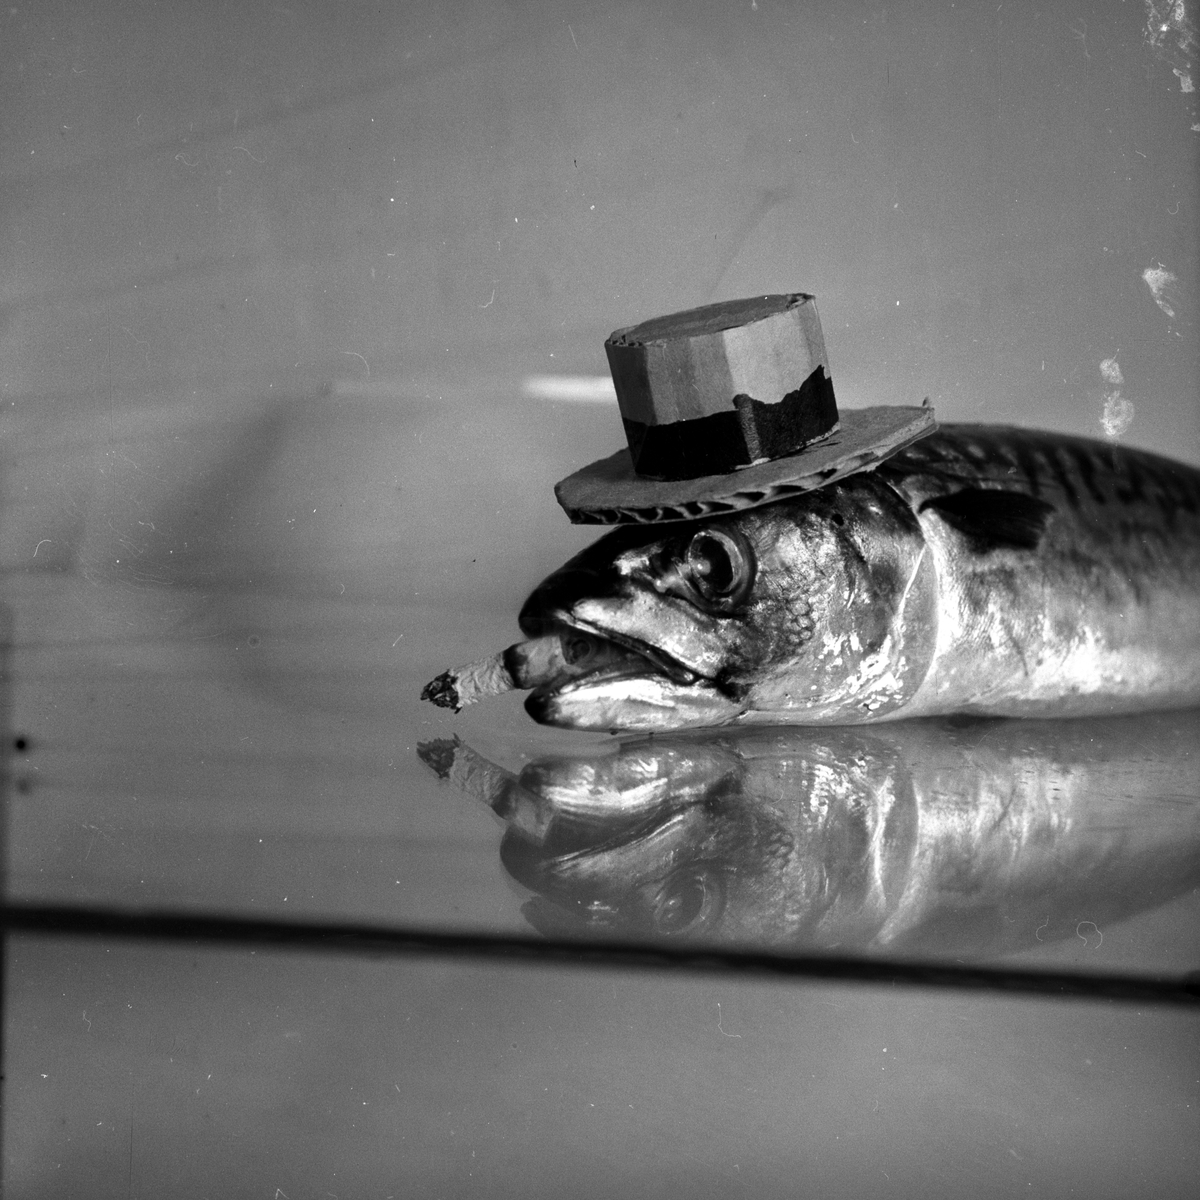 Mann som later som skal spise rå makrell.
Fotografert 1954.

--

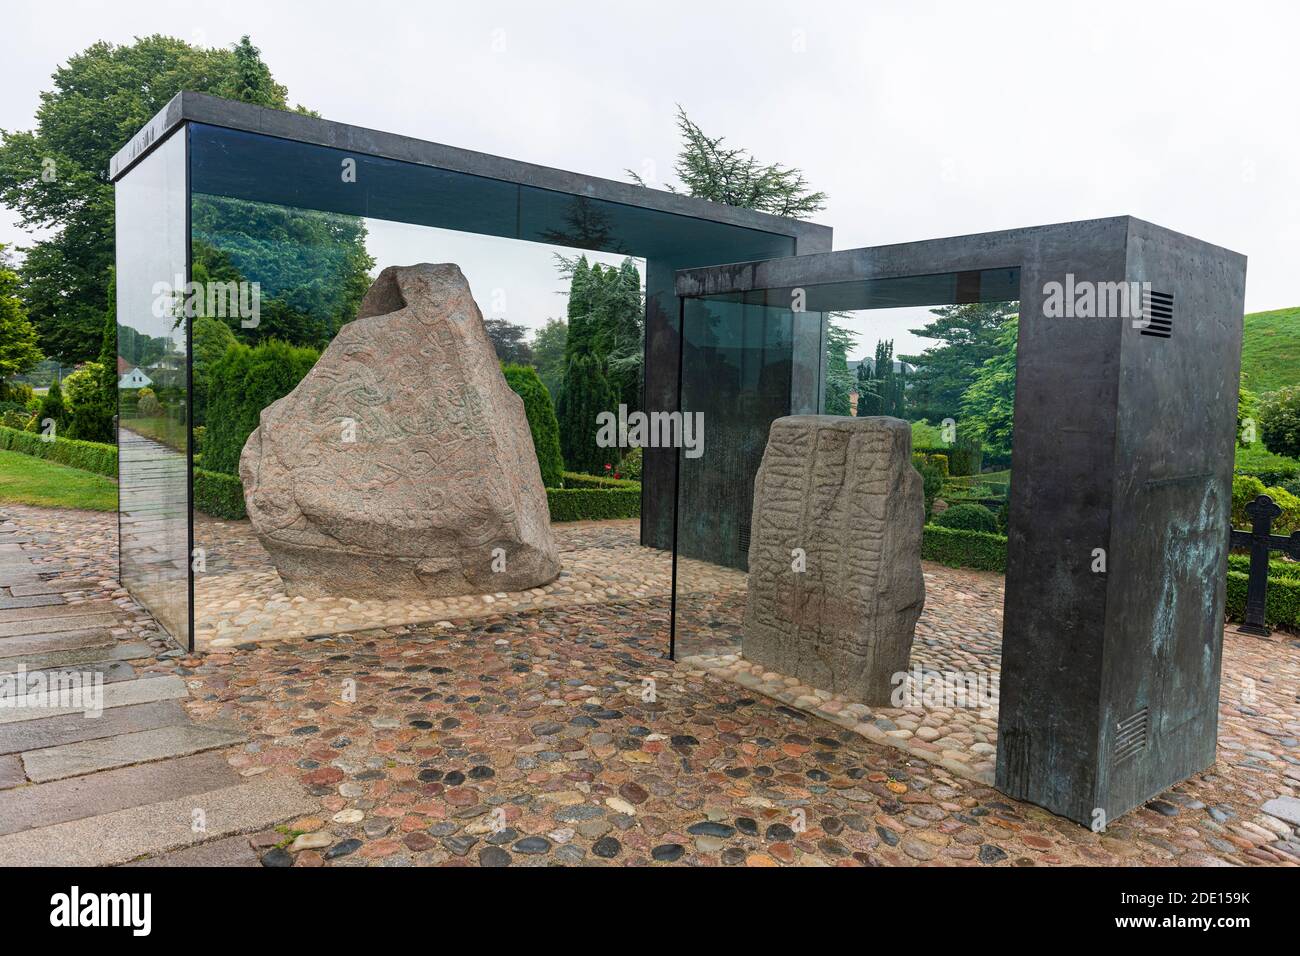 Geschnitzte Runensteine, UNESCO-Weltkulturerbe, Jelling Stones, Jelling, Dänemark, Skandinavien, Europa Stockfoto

Directions =>
Look through the material above. Transcribe exactly the lines between the ones with "Mann som later som skal spise rå makrell." and "Fotografert 1954.", inclusive, and keep pictures out.

Answer for the task =>
 Mann som later som skal spise rå makrell.
Fotografert 1954.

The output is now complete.